In fact, some people are able to laugh about ageing like the lovely Laura of Five Litttle Doves (although if I was still only thirty-frickin-six, I’d be laughing too). So maybe it’s misguided and presumptuous of me to describe the following list as things you should know about growing old because you may not agree. I just thought I’d let you know what I’ve experienced as it may serve as a warning of what’s about to come (if you’re younger than me). Equally, it might reassure you that you’re not alone (if you’re older than me)! So, read it and weep. No, learn. I meant read it and learn…
1. THERE WILL COME A POINT WHERE YOUR HEART SINKS UPON RECEIVING A 40TH BIRTHDAY INVITE.
The last few years when I’ve been invited to a 40th bash, I’ve thought “bless…just a baby’. Now I just want to burn the damned invite and pour myself a double vodka.
2. ALL THE WORDS BECOME SMALL!
ALL of them. I’m having to hold everything (shampoo bottles, appliance manuals, pasta packets, cinema tickets etc) at arm’s length, so the words aren’t blurred and that’s with my glasses on/lenses in. And now poor Hubster’s sight is failing. If someone were to watch us trying to read…well…pretty much anything, they’d die laughing. Our kids get quite a comedy show as their parents pass games instructions etc between one another, in exasperated defeat. The blind leading the blind, honestly.
3. YOU’RE NEVER TOO OLD FOR COFFEE TEQUILA SHOTS
until you actually do coffee tequila shots. My Saturday night girls are mainly way younger than me and are quite partial to them and I do love them so…when in Rome…) Sadly coffee tequila shots don’t love me and have no qualms about reminding me the next day. And the day after that…
4. YOU USED TO GET EXCITED ABOUT PURCHASES
such as handbags, jewellery, shoes… NOW, you get excited about ‘just the right size’ thermos flasks and the perfect number of cup accessories for your weekend hikes. Don’t laugh! I’ve been hanging out at playgrounds and after-school activities for years with rubbish ones that have no handle/aren’t the right size.
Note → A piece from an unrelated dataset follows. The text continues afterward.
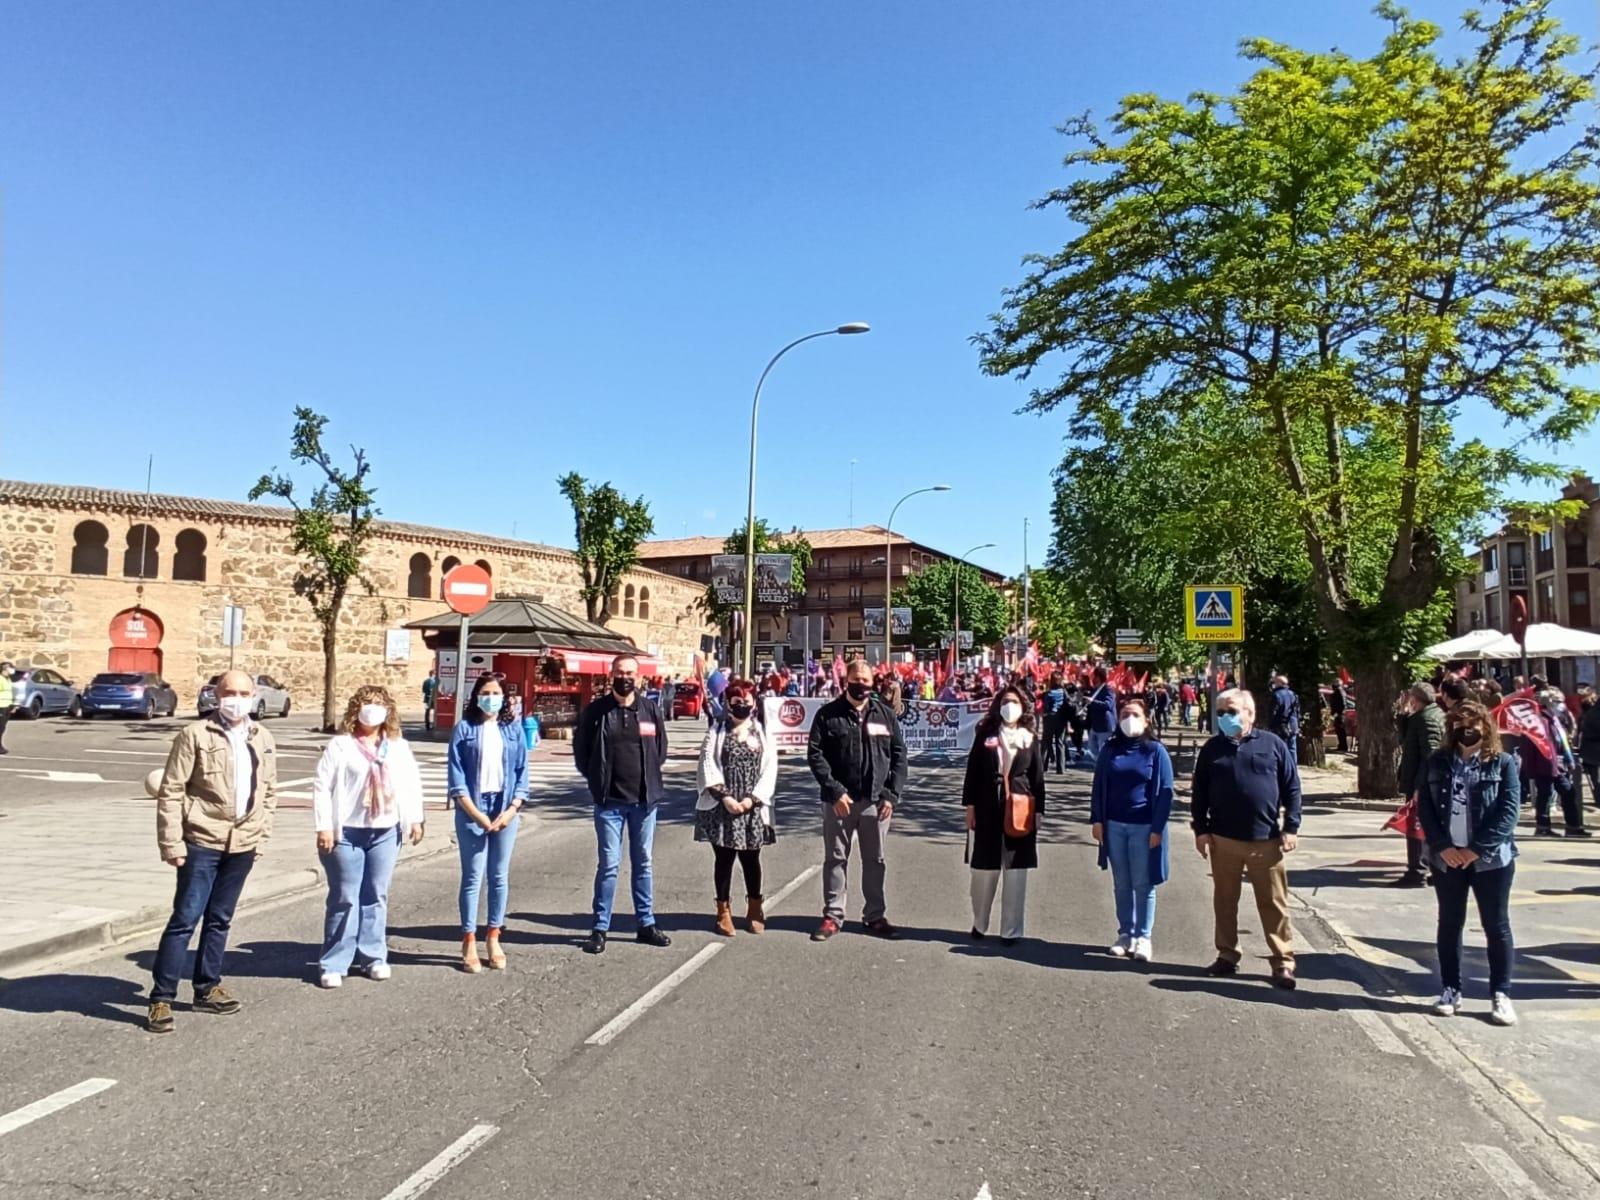 El equipo de Gobierno destaca este 1º de mayo la labor de los trabajadores en pandemia como motor económico del país

Then as luck would have it, I found this the other week for barely half the cost of others. Look…the best bit: it’s got two cups, TWO I tell you! Do you understand how handy this is for weekend hikes?!
5. YOU’LL HAVE A ‘MOMENT OF REALISATION’ ABOUT PEOPLE KNOWING YOUR AGE
I’m usually the eldest amongst my friends. As the years have gone by, I’ve started feeling like a museum exhibit that gets rolled out for people to admire. Don’t get me wrong; I understand it’s flattering, to an extent. But sometimes it’s uncomfortable, especially when a friend mentions I’m almost as old as their mum (and calls me granny). I’m not sure exactly when I started thinking I’d rather people didn’t know my age but something happened recently that confirmed I really don’t! I was dining with some relatives, one of whom likes telling people my age. (I get it, she’s ‘proud’ I look younger than my age and the intention is sweet.) A guy from the next table joined us and an interesting (if embarrassing) thing happened. My relative asked him to guess our ages. My heart sank: Here we go again. He guessed theirs, looked at me and said “You’re 26”. (Funny guy.) I thanked him: “That’s lovely but we both know I’m not 26. Now, how old do you really think I am? I don’t mind”. Well you have to be game, right? I must admit I kind of felt sorry for him. He must have thought I’m damned if I do, damned if I don’t tell the truth here. I’ll offend her either way. This is the interesting bit: after paying me a compliment, he said “Ok, I really think you’re 36”. Here comes the embarrassing bit: my relative practically spat her prosecco out shrieking “She’s XX!!”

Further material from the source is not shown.